По влажным от липкой духоты улицам приморского города, внезапно наполнившимися совершенно незнакомыми звуками, поплыли неведомые доселе запахи, принесённые жителями столицы и её пригородов, хлынувшими из ворот железнодорожных станций. Важно прошествовали солидные бородатые отцы семейств в больших вязанных кипах, в сопровождении своих строгих супруг в изысканно ярких тюрбанах и в окружении ватаг шумных ребятишек всех мыслимых возрастов. Пронеслись, дружелюбно помахивая пейсами стайки «молодёжи холмов». Вразвалочку проковыляли пузатые крепыши в тряпичных шортах — любители столичного футбольного клуба и завсегдатаи злачных мест рынка «Маханэ-Йеуда».
И на тель-авивской улице Каплан вчера вечером опять случилась демонстрация. Но была это какая-то странная демонстрация. Не было там ни мелькания флагов террористической группировки, специализирующейся на убийстве евреев, ни жжённых шин, ни швыряемых в полицейских камней. Да и людей там явно было куда больше обычного.

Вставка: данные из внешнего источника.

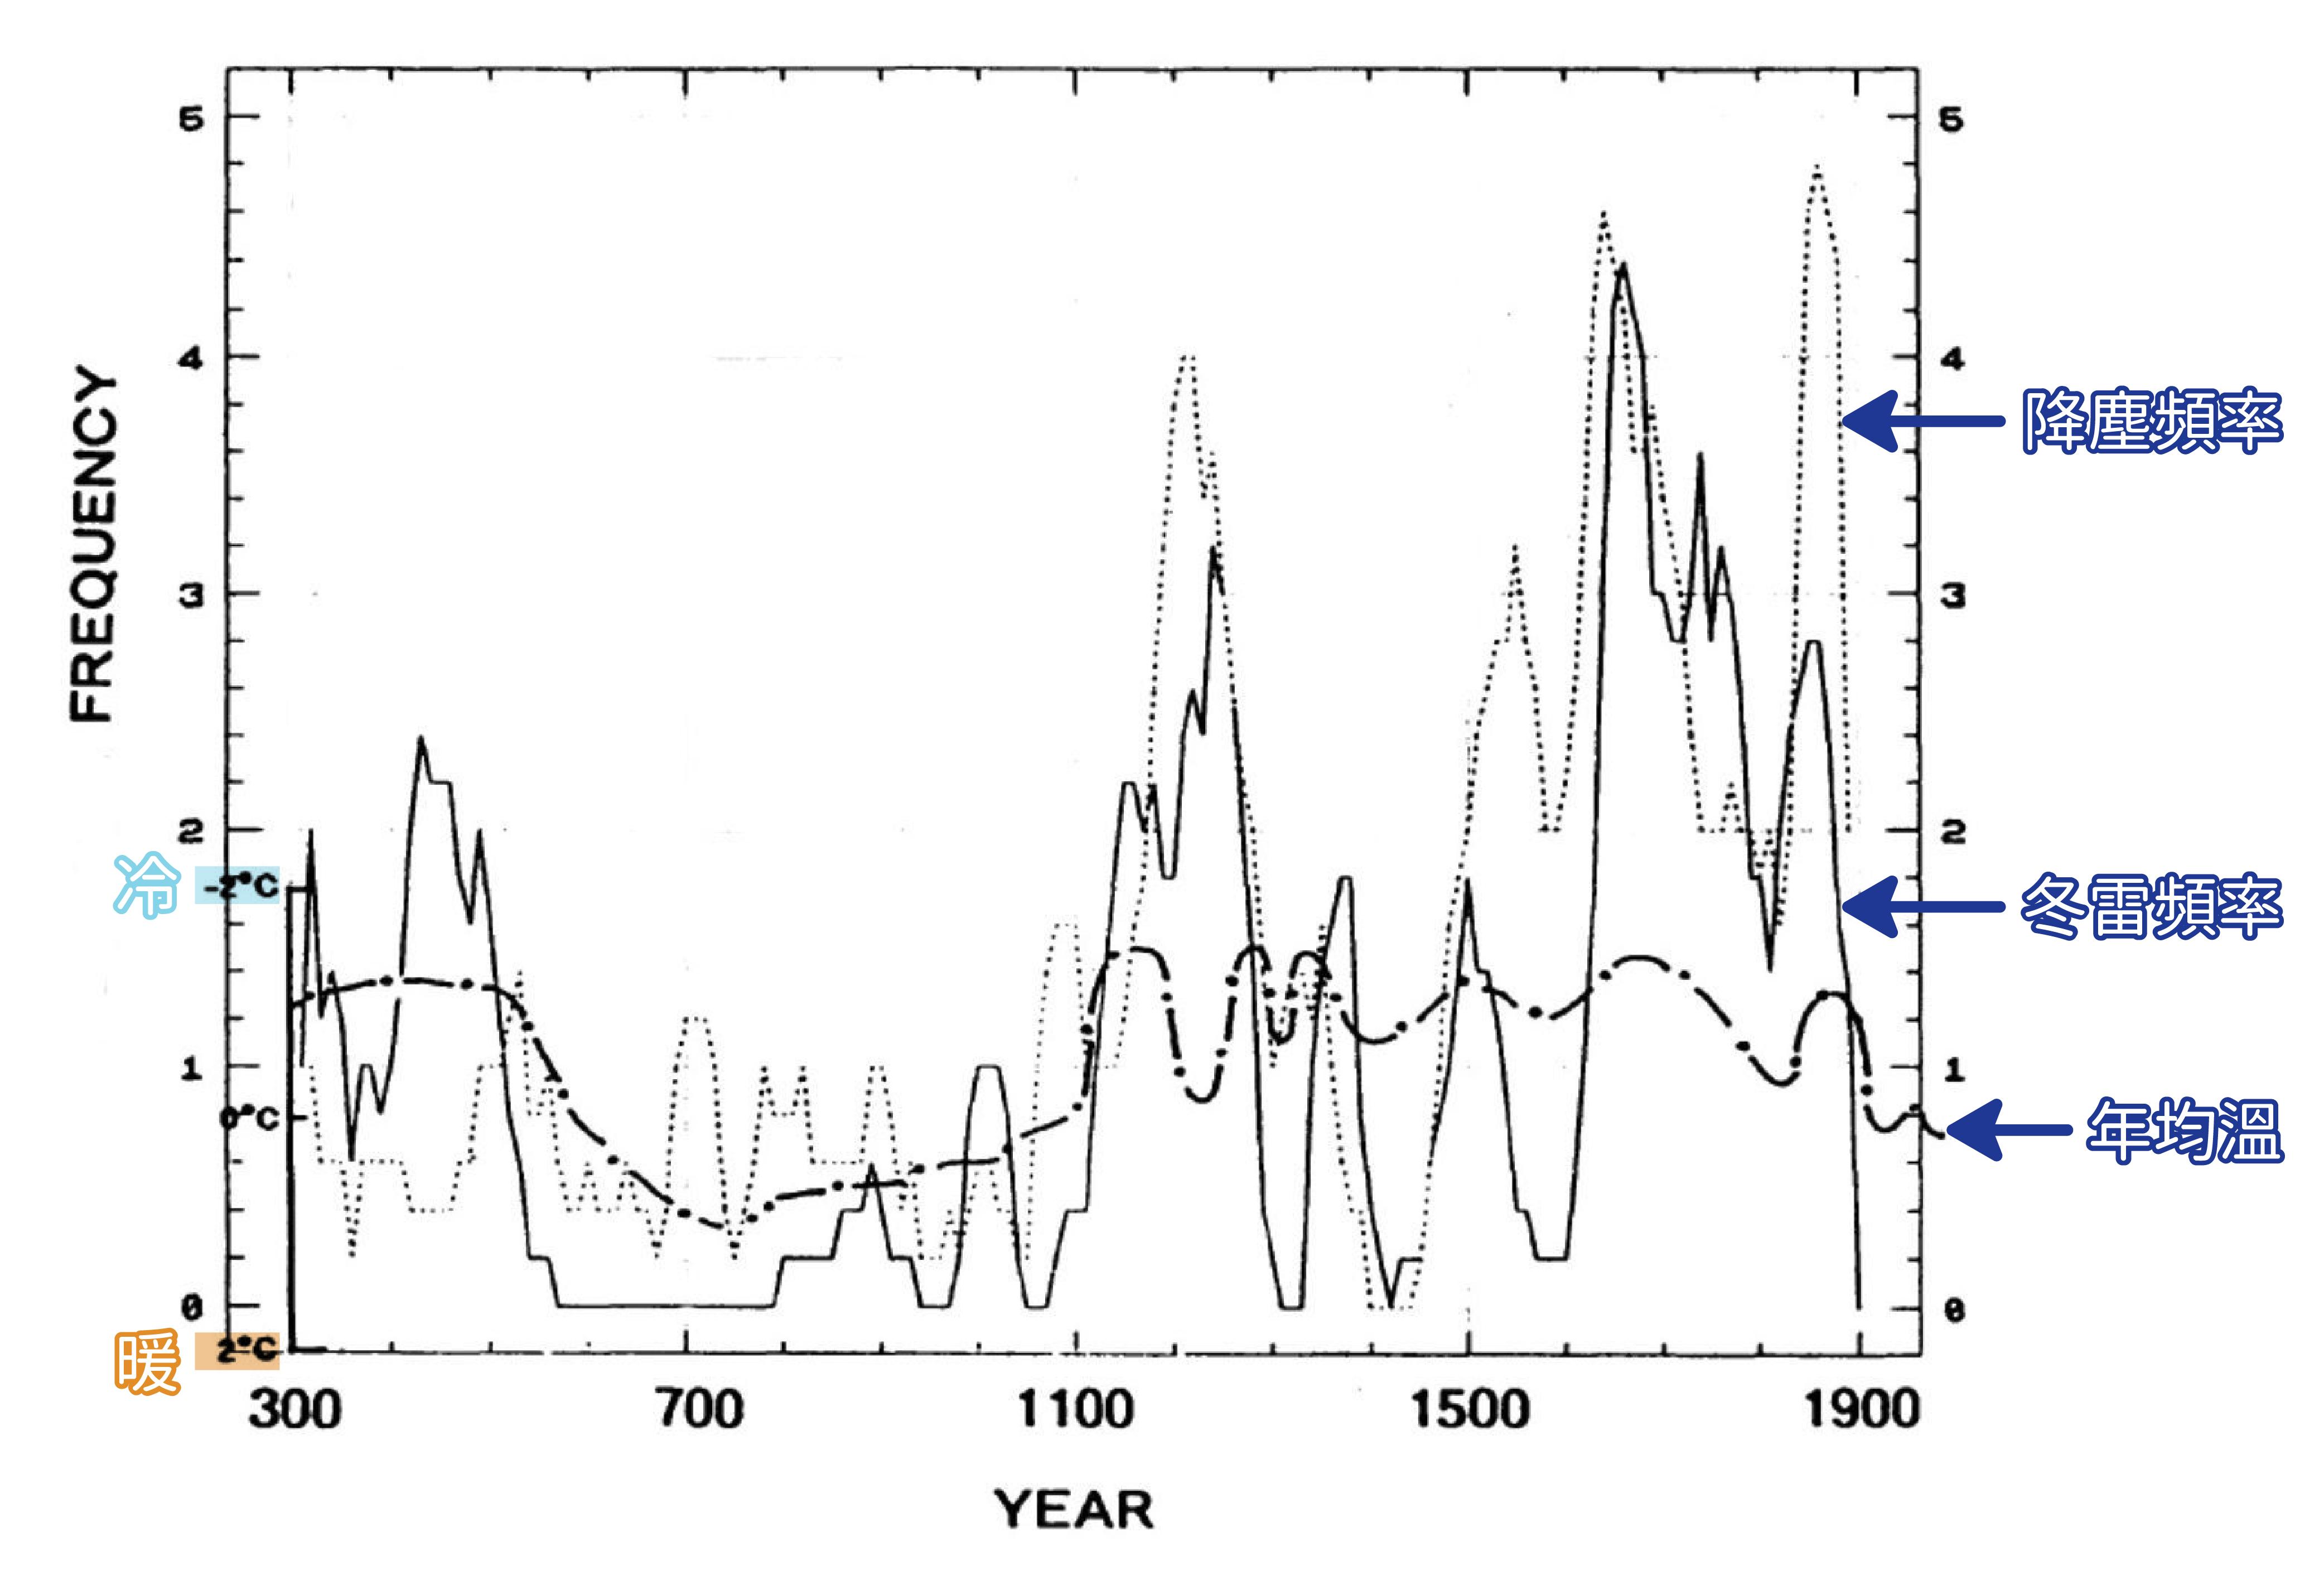 王寳貫統計過去兩千年的冬雷次數,與溫度(竺可楨,1973)、降塵的關係。 資料來源│王寳貫提供 圖說重製│歐柏昇、張語辰

Короче говоря, как сказал бы в этом случае Винни-Пух: «Совершенно неправильная демонстрация».
«Мы не станем ради достижения своих политических целей перекрывать дороги и жечь страну!» — вещал с трибуны оратор. «Да!» — вторил ему толпа. «Мы не будем отказываться от службы в армии!» — продолжал он. «Не будем!» — гудели ей в ответ сотни собравшихся тысяч. «Без ненависти, но с любовью мы обратимся к нашим братьям и сестрам»…
Народ Израиля добрый, отзывчивый, но в подавляющем большинстве своём очень наивный. Запутать его, убедив, что «свобода — это рабство», а «диктатура — демократия», совсем не трудно. Особенно, когда на протяжении месяцев тоталитарная пропаганда льётся едва ли не из каждого утюга. Тут даже самые стойкие к подлости и лицемерию постепенно теряют уверенность в своей внутренней правоте, начиная сомневаться не остались ли они одни в этом своём упрямстве, отказываясь признавать диктатуру очумевшей от вседозволенности юридической мафии торжеством демократии и величайшим благом для Израиля.
Но вчера вечером все эти усомнившиеся в своём внутреннем нравственном стержне люди вдруг осознали, что они не одиноки. Что в стране есть ещё сотни тысяч, миллионы таких же как они. Собственно они и есть большинство народа Израиля.
И только уже ради одного этого стоило прийти на демонстрацию.